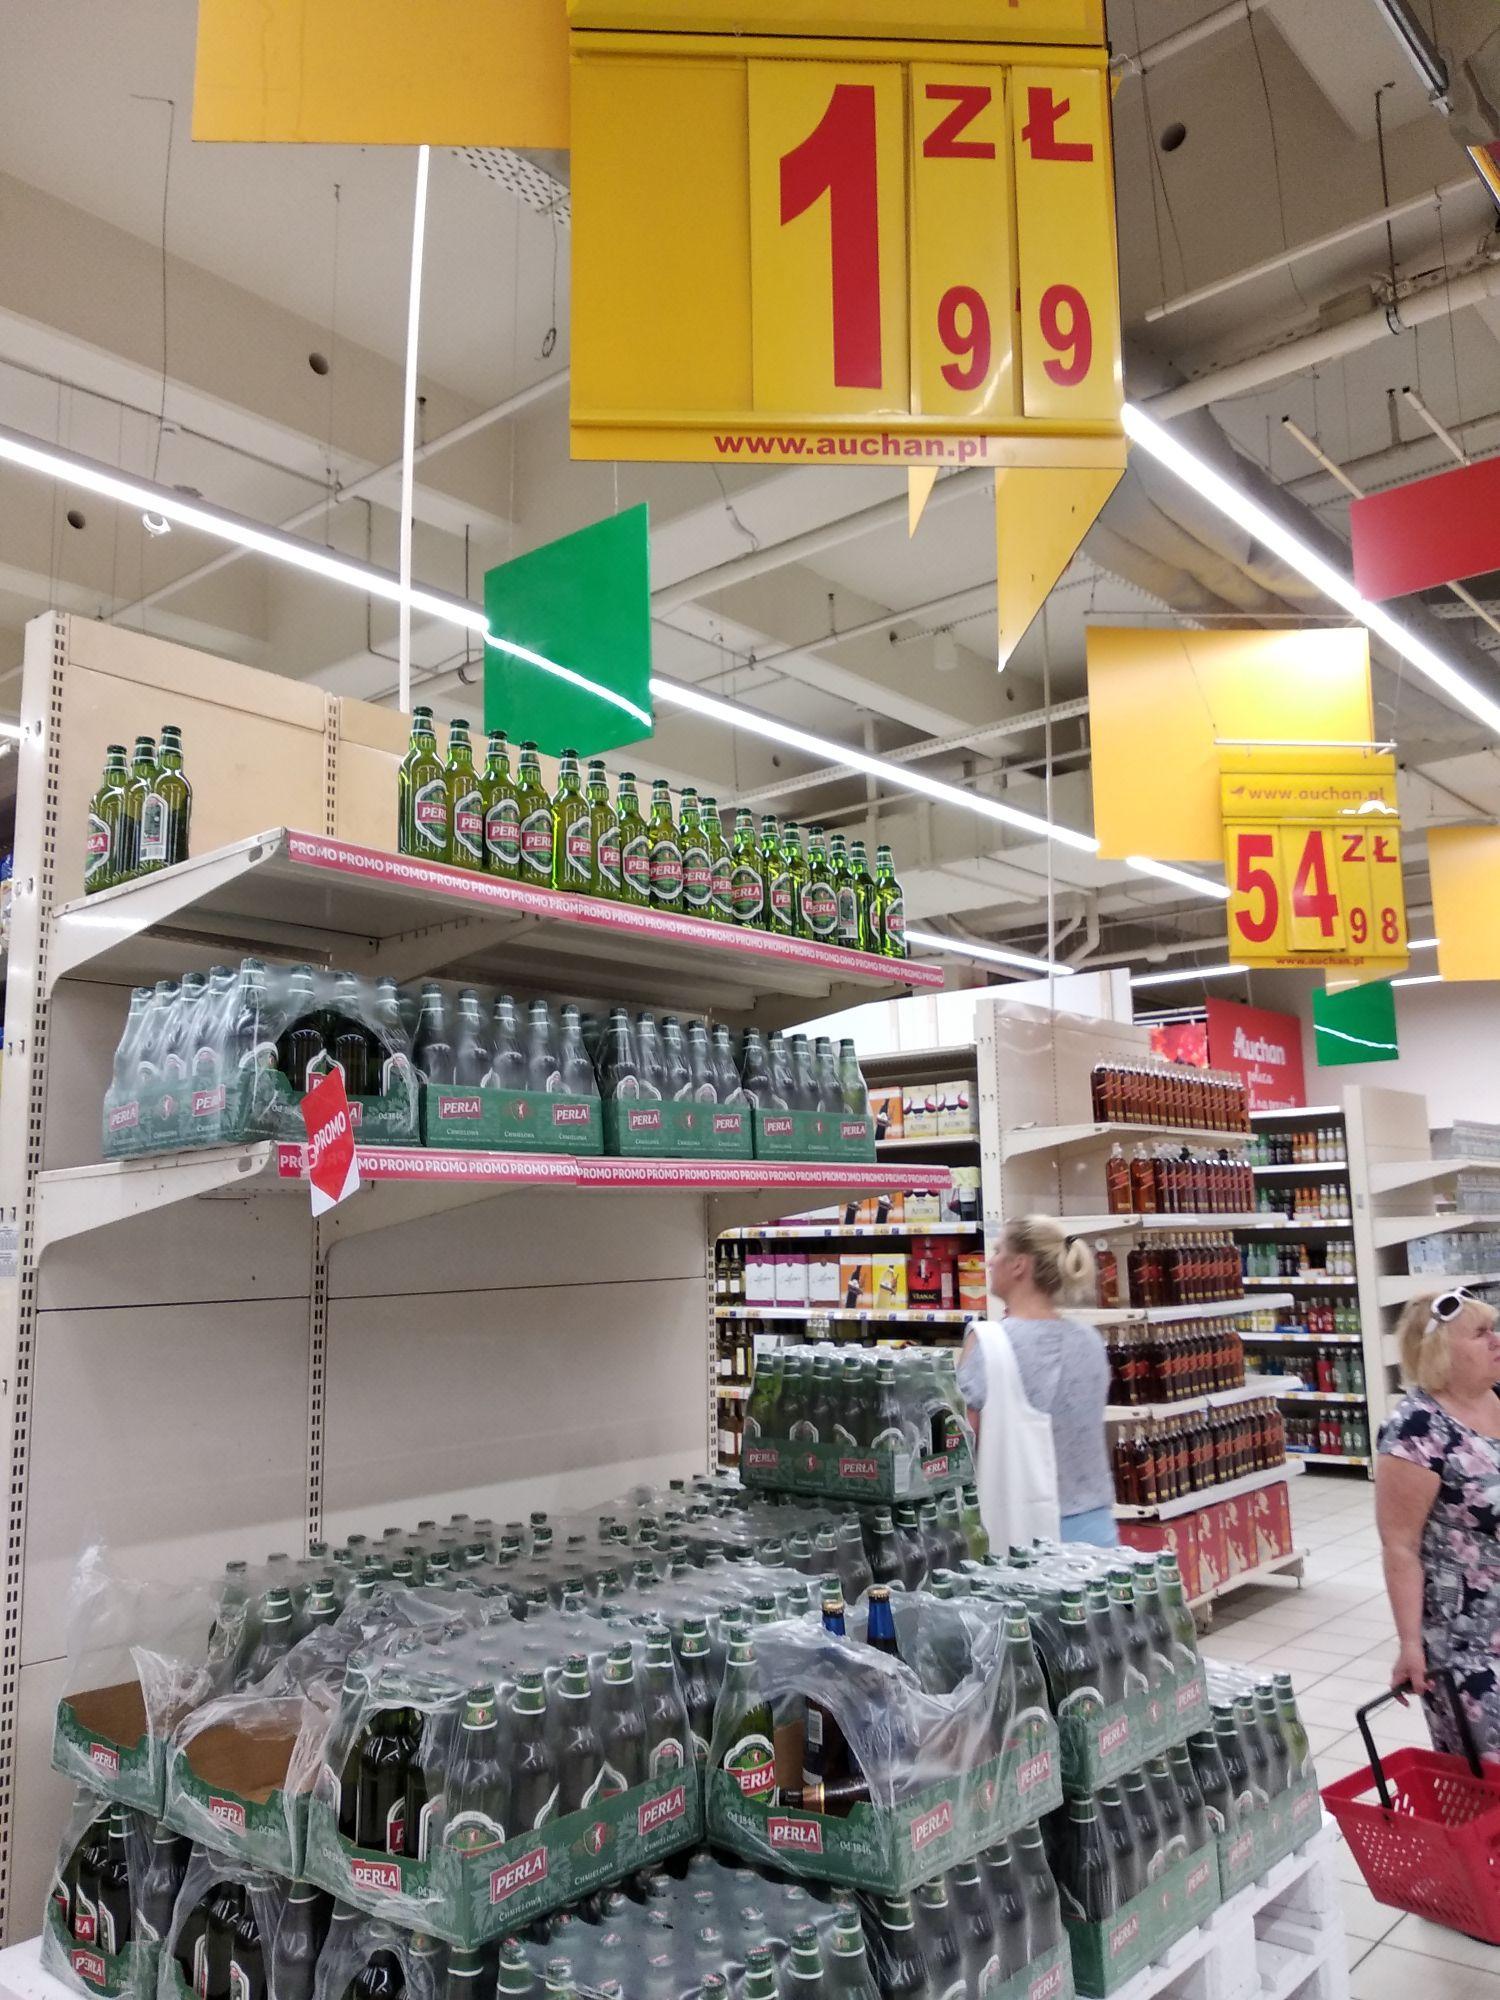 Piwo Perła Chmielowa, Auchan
--
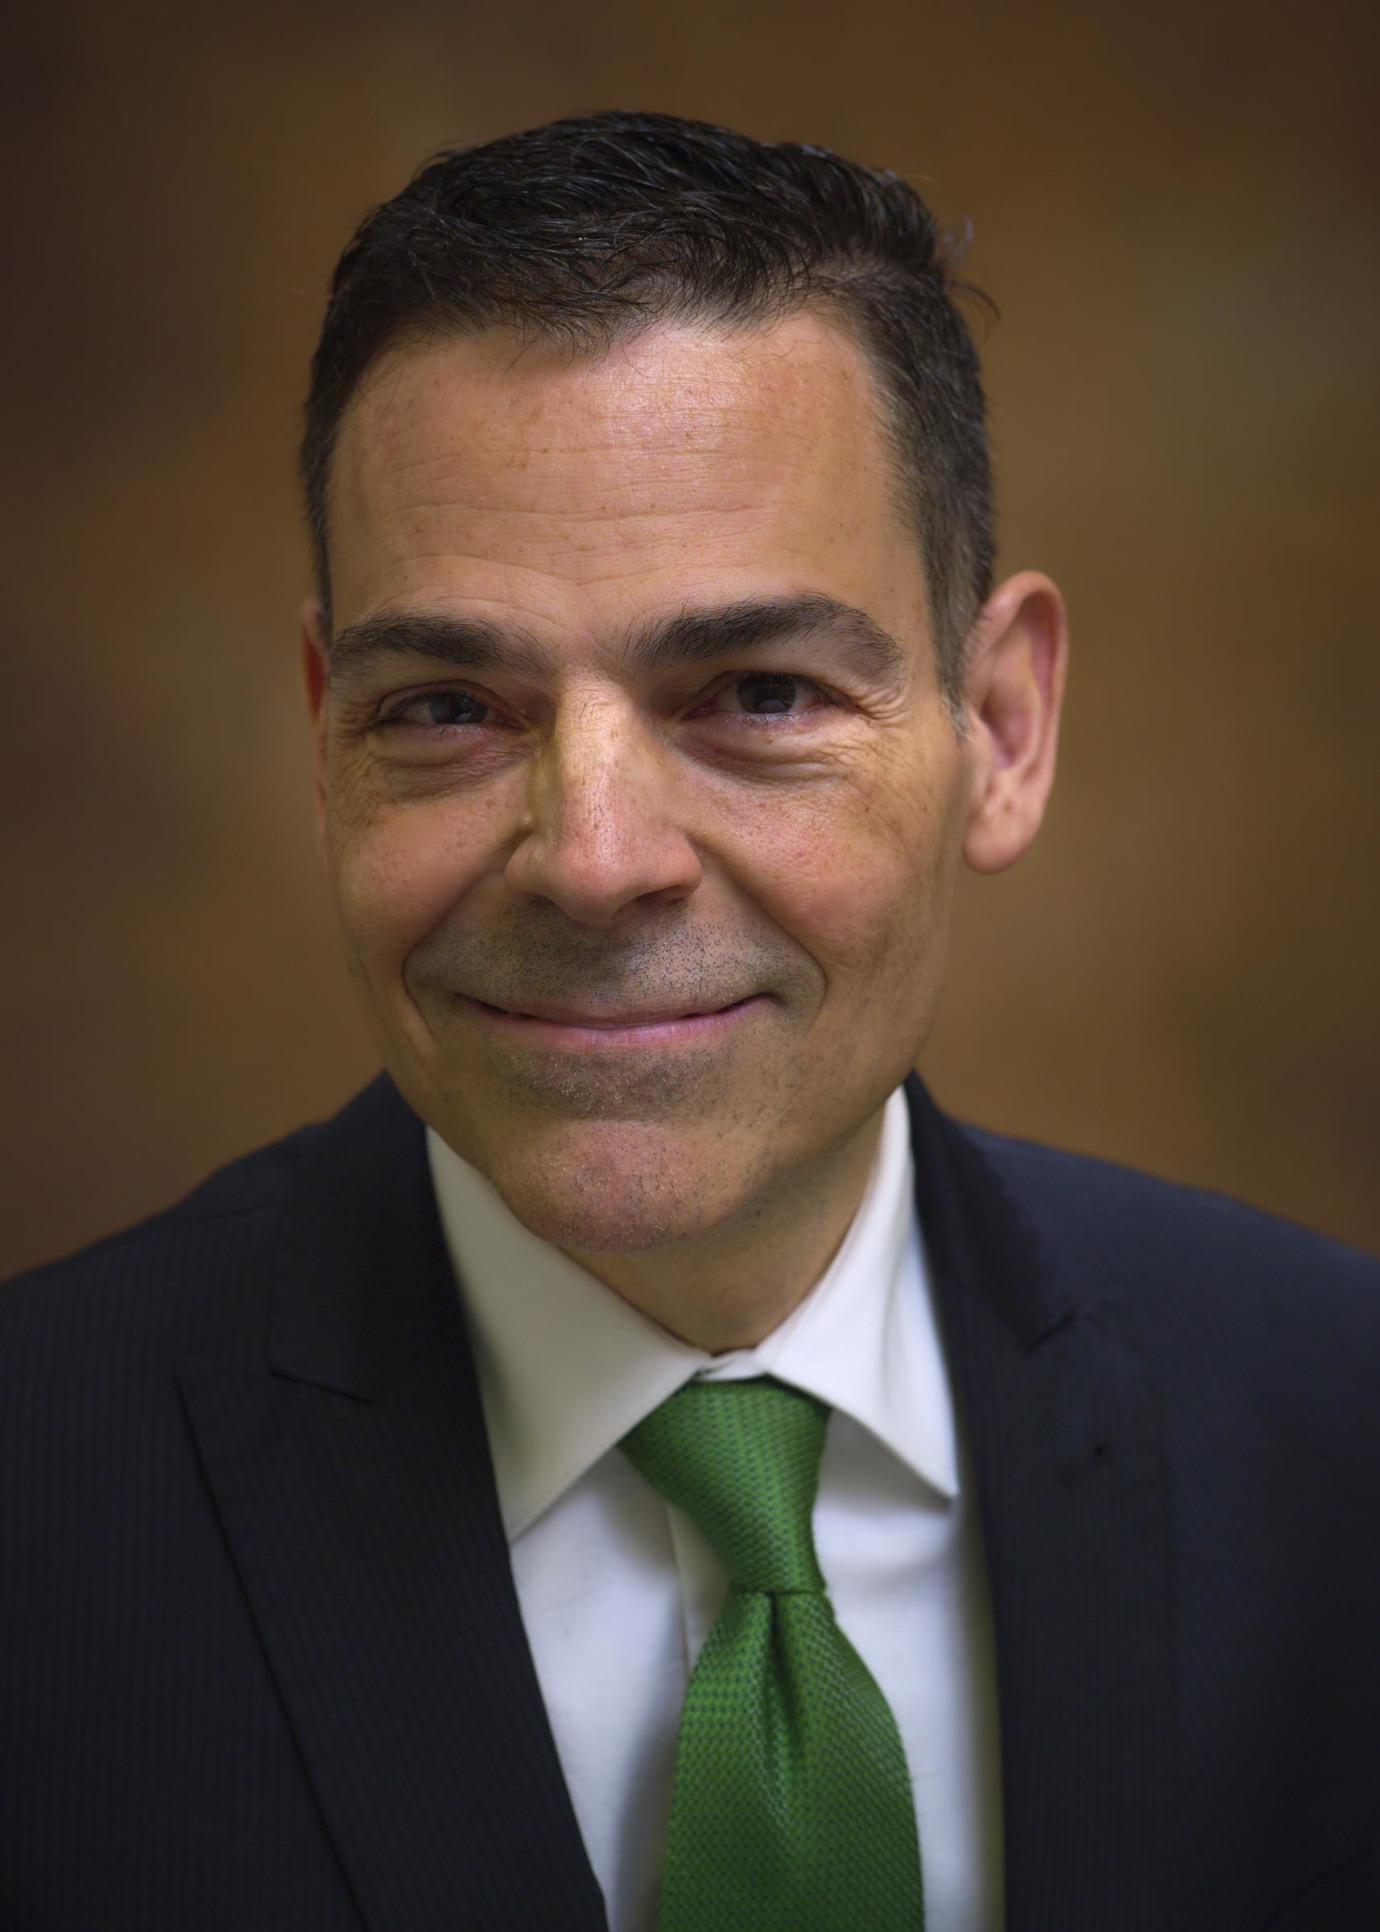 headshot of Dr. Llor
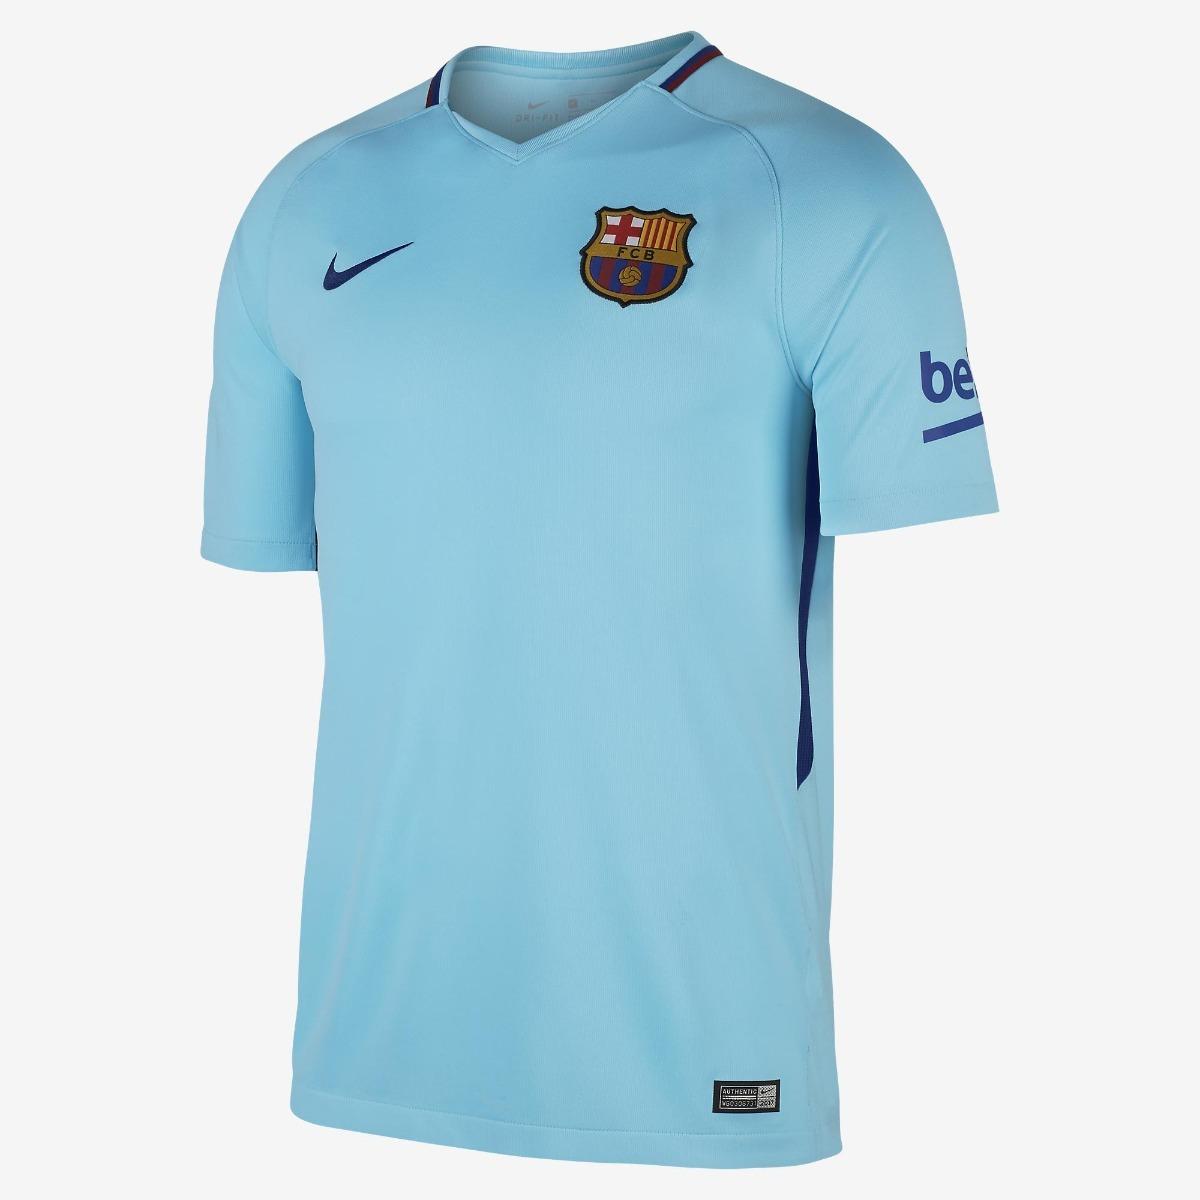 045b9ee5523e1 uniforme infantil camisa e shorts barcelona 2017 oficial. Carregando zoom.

§ **Assignment**
When copying from the data above, print only the lines from the line containing "headshot of Dr. Llor" to the line containing "045b9ee5523e1 uniforme infantil", exactly, and leave the pictures out.

§ **Problem solution**
 headshot of Dr. Llor
 045b9ee5523e1 uniforme infantil camisa e shorts barcelona 2017 oficial. Carregando zoom.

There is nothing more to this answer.